The next problem in the “The Little Book of Semaphores” is called the “unisex bathroom problem”, by Allen Downey himself. The problem statement reads as follows:

A friend of the author took a job at Xerox. She was working in a cubicle in the basement of a concrete monolith, and the nearest women’s bathroom was two floors up. She proposed to the Uberboss that they convert the men’s bathroom on her floor to a unisex bathroom, sort of like on Ally McBeal.

The Uberboss agreed, provided that the following synchronization constraints can be maintained:

• There cannot be men and women in the bathroom at the same time.

• There should never be more than three employees squandering company time in the bathroom.

It’s a categorical exclusion problem: the limited resource is the bathroom and the exclusion is that any number (up to three) of females or any number of males can be in the bathroom simultaneously, but never a mix of them. Unlike the readers-writers probelm, if a category of workers is waiting for the shared resource, this does not limit the access to the resource by the other category. For example, if the bathroom is currently occupied by males, other males can come in, but a female arriving at the queue does not prevent more males from going in if there’s enough space. Obviously this leads to starvation.

This problem cannot be solved by simply repurposing sync.RWMutex. Let’s sale that “readers” represent females and “writers” represent males. Any number of females can use the bathroom at the same time, but only one male would be able to do so. The problem can be solved by using a sync.Cond, but the solution is a little convoluted.
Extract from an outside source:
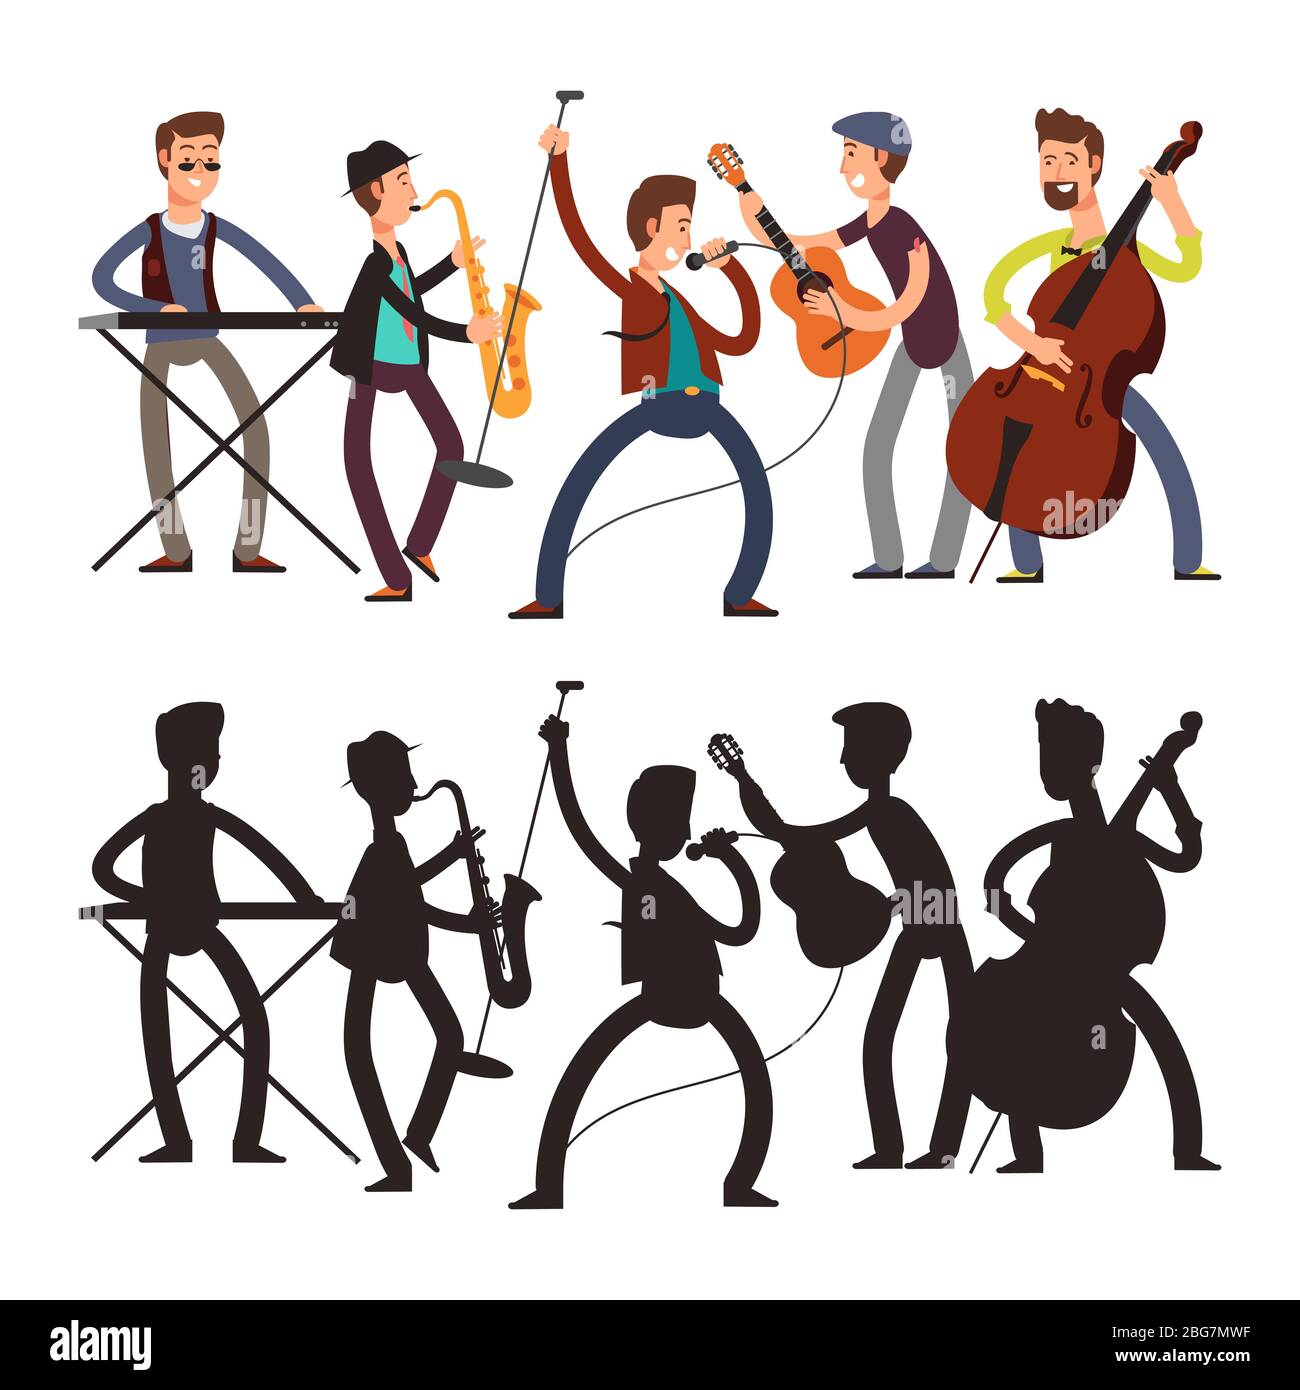 Male pop music band playing music. Vector illustration of cartoon character and silhouette musicians isolated on white background Stock Vector

A simple solution can be developed using channels, with a pattern that has been used before in this series. Start by declaring a Bathroom as a structure holding some channels:

type Bathroom struct {
	m       chan Person
	f       chan Person
	exit    chan Person
	males   int
	females int
}

The m and f channels are used by males and females to queue at the bathroom. The males and famales fields are counters to keep track of occupancy. The exit channel is used by a Person to signal that it’s leaving the bathroom. To use the bathroom, a Person does this:

func (p Person) UseBathroom(in, out chan Person) {
	in <- p
	time.Sleep(time.Duration(250+rand.Intn(100)) * time.Millisecond)
	out <- p
}

the person queues at the bathroom door, stays a little in there and then leaves the bathroom. The Bathroom itself enforces the constraints:

func (b *Bathroom) Service() {
	m := b.m
	f := b.f
	for {
		select {
		case <-m:
			b.males++
			f = nil
			if b.males == 3 {
				m = nil
			}
		case <-f:
			b.females++
			m = nil
			if b.females == 3 {
				f = nil
			}
		case p := <-b.exit:
			switch p.Gender {
			case Male:
				b.males--
				m = b.m
				if b.males == 0 {
					f = b.f
				}
			case Female:
				b.females--
				f = b.f
				if b.females == 0 {
					m = b.m
				}
			}
		}
	}
}

The two local variables m and f are used to control who can enter. When a male enters the bathroom, f is set to nil. When a female enters, m is set to nil. This based on Dave Cheney’s Channel Axioms, specifically “a receive from a nil channel blocks forever”. In this way, when a male is in the bathroom, other males can enter (because that channel is not nil) but females cannot. If a male enters the bathroom and the occupancy reaches 3 people, the m channel is set to nil to prevent more males from entering. The same logic applies for females.

When a male leaves the bathroom by sending the signal on the exit channel, the occupancy is decreased and the channel for entering the bathroom is restored. If the bathroom becomes empty, then the other channel is “activated” again. In this way the constraints are satisfied.

Note that while people exiting the bathroom require only one channel, people entering the bathroom require two because it’s necessary to stop a category from entering the bathroom when the other is already present. When exiting, the category doesn’t matter. Also note that the males and females counters are not necessary, it’s enough to have an occupancy counter, but I kept the two counters for clarity in the presentation.

I find this solution simpler than the equivalent one based on semaphores if for no other reason that it’s simple to follow.

The full source (with minor modifications for presentation) is here.

The next problem in the book is called the “baboon crossing problem” and it’s conceptually identical to this one. After that comes the “Modus Hall problem”, which is very similar, but contains an interesting variation to the constraints.